Step 5: According to Definition 5, we can obtain the mean value of each alternative:

$$\begin{array}{c}\hfill \begin{array}{c}S\left(r_1\right)=3.957,S\left(r_2\right)=3.5513\hfill \\ S\left(r_3\right)=3.249,S\left(r_4\right)=4.1489\hfill \end{array}\end{array}$$

The order of the overall preference value of $H_i(i=1,2,3,4)$ can be determined as follows:

$$\begin{array}{c}\hfill r_4>r_1>r_2>r_3\end{array}$$

Hence the best alternative is $D_4$. Moreover, Ge [43] employed the hesitant 2-tuple-weighted averaging (H2TWA) aggregation operator and the hesitant 2-tuple-weighted ordered weighted averaging (H2TWOWA) aggregation operator to settle this problem, and the ranking result was also $r_4>r_1>r_2>r_3$. This demonstrates that the presented method is effective and feasible.

6. Conclusions

On the basis of the PA operator, we present the H2TLPWA aggregation operator and H2TLPWG aggregation operator, which can consider the prioritization relationship of the experts and obtain decision results closer to the true results. On the basis of the dependencies between criteria in the decision-making process, we propose the H2TLCA aggregation operator and H2TLCG aggregation operator. The properties of four new operators are discussed in detail, and some special cases of the H2TLCA aggregation operator can be obtained by taking some special values of $\mu \left(A\right)$. Comparing the results acquired by the existing approach and proposed approach, we further demonstrate the validity and feasibility of our method.

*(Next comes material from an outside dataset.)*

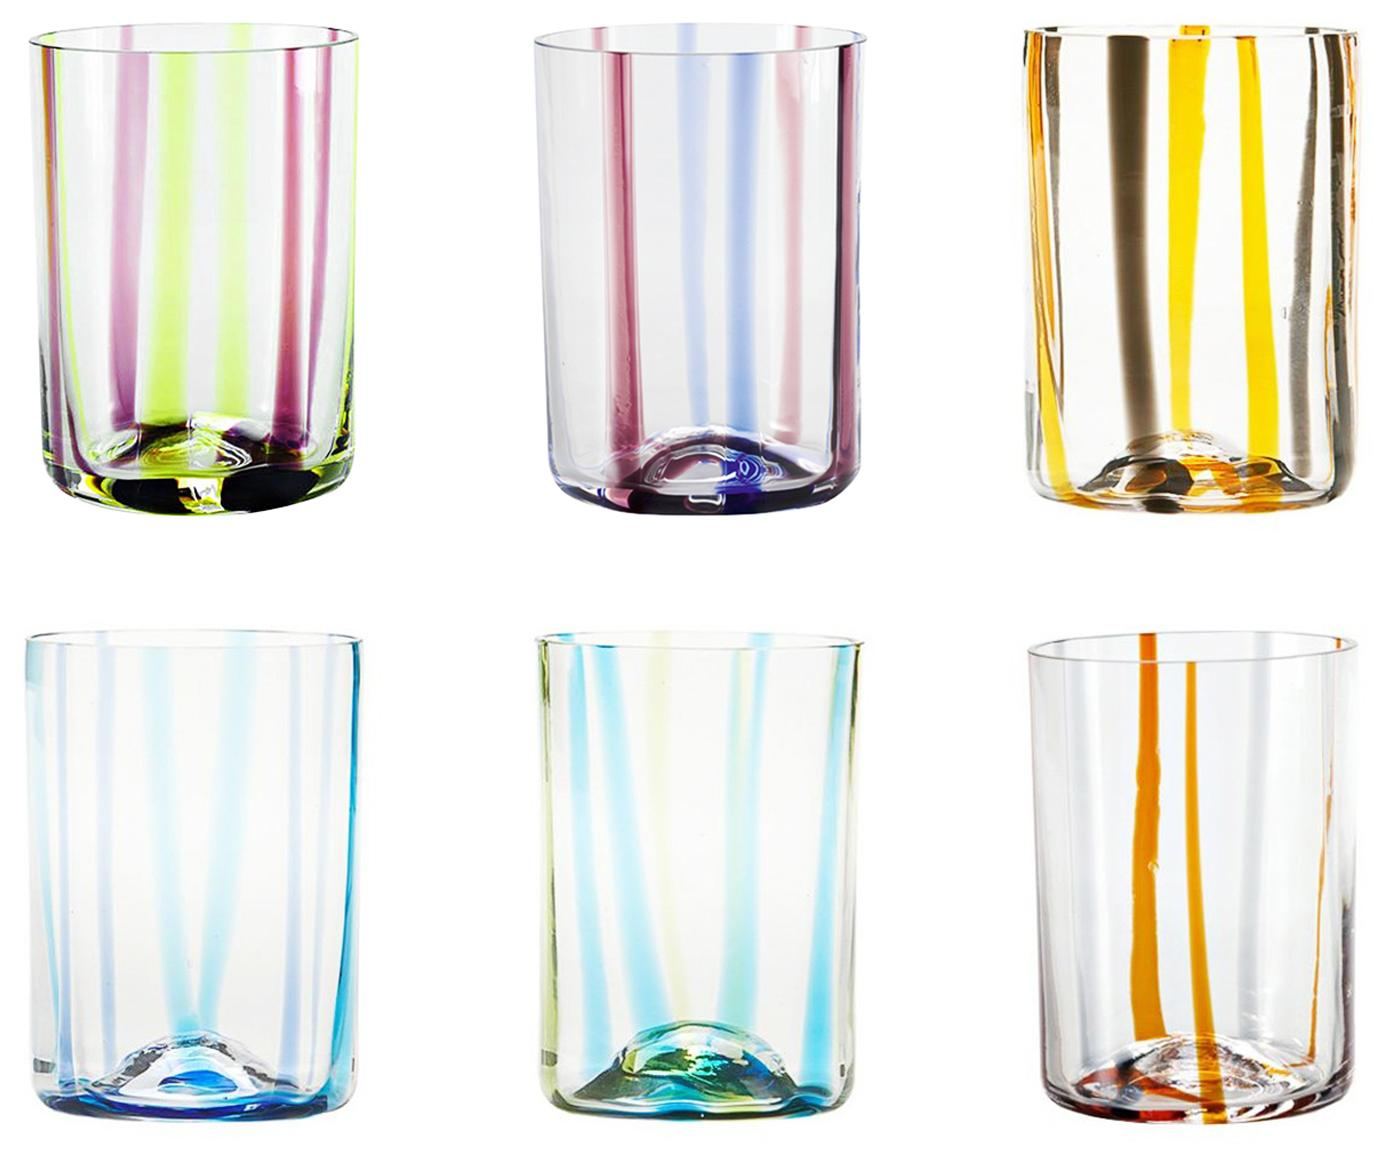 Mondgeblazen waterglazenset Tirache met kleurrijke strepen, 6-delig, Glas, Multicolour, Ø 7 x H 10 cm
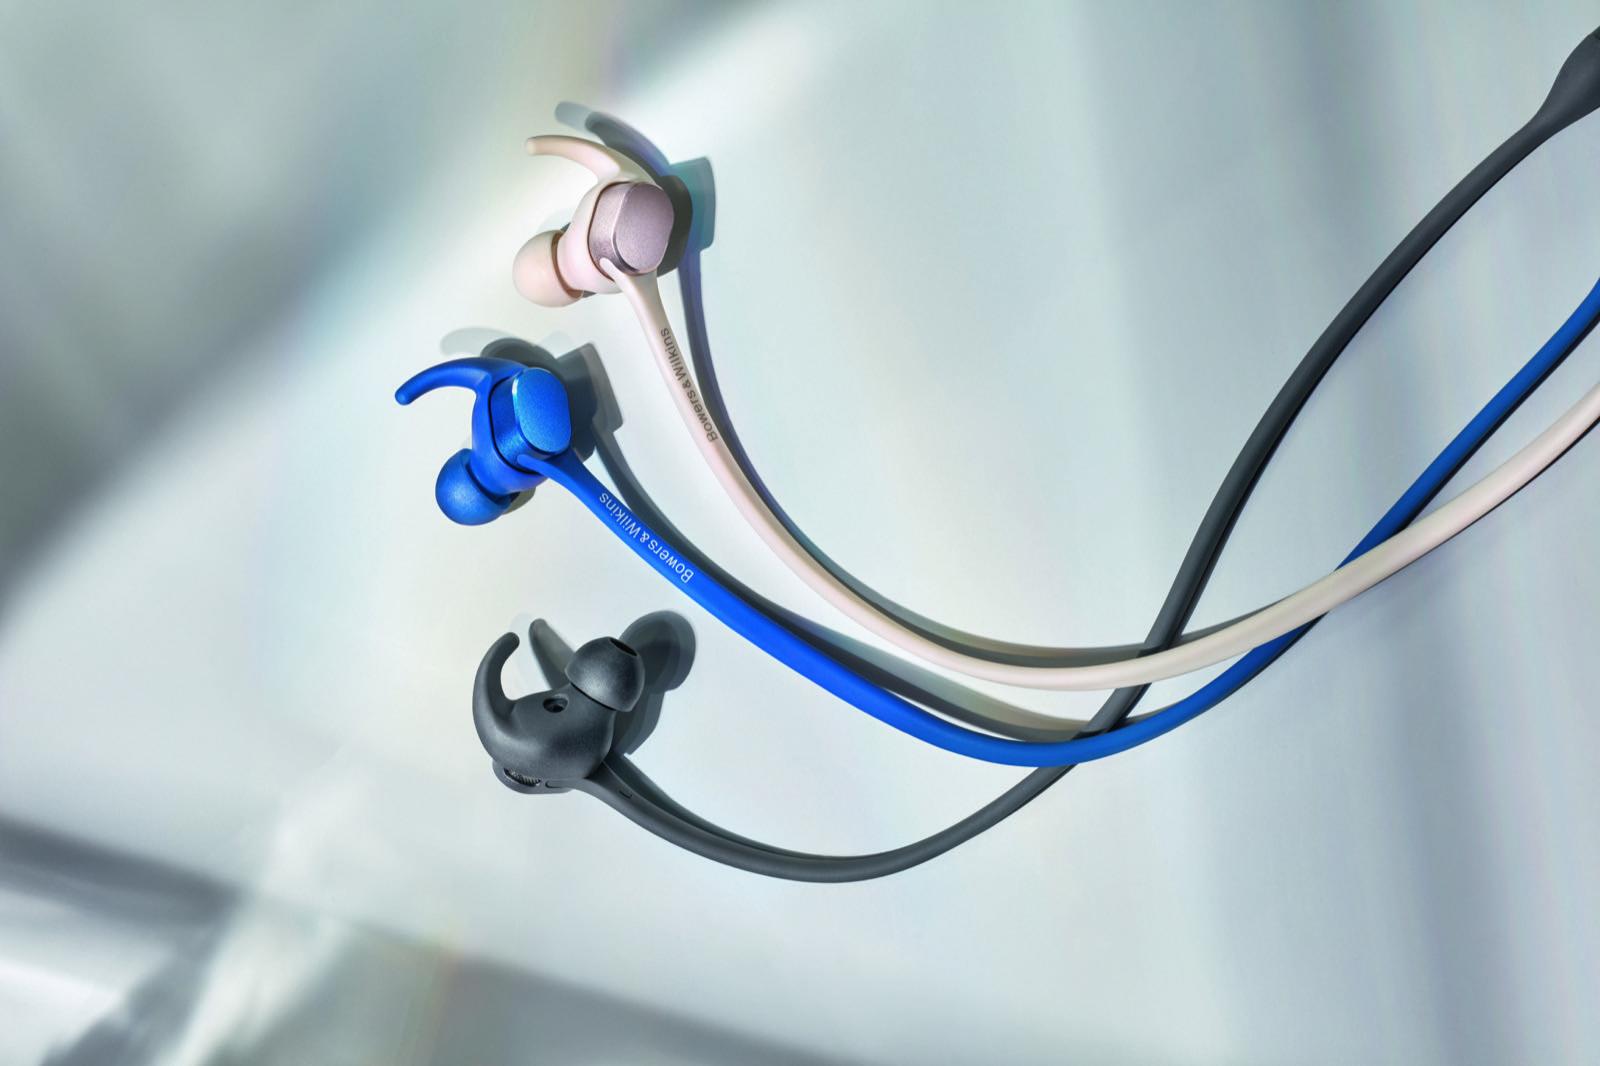 Recensione Bowers & Wilkins PI3, qualità e comodità wireless

In the future, the H2TLPWA aggregation operator, H2TLPWG aggregation operator, H2TLCA aggregation operator and H2TLCG aggregation operator can be used to solve some real problems because they are closer to the true decision-making process of a human being.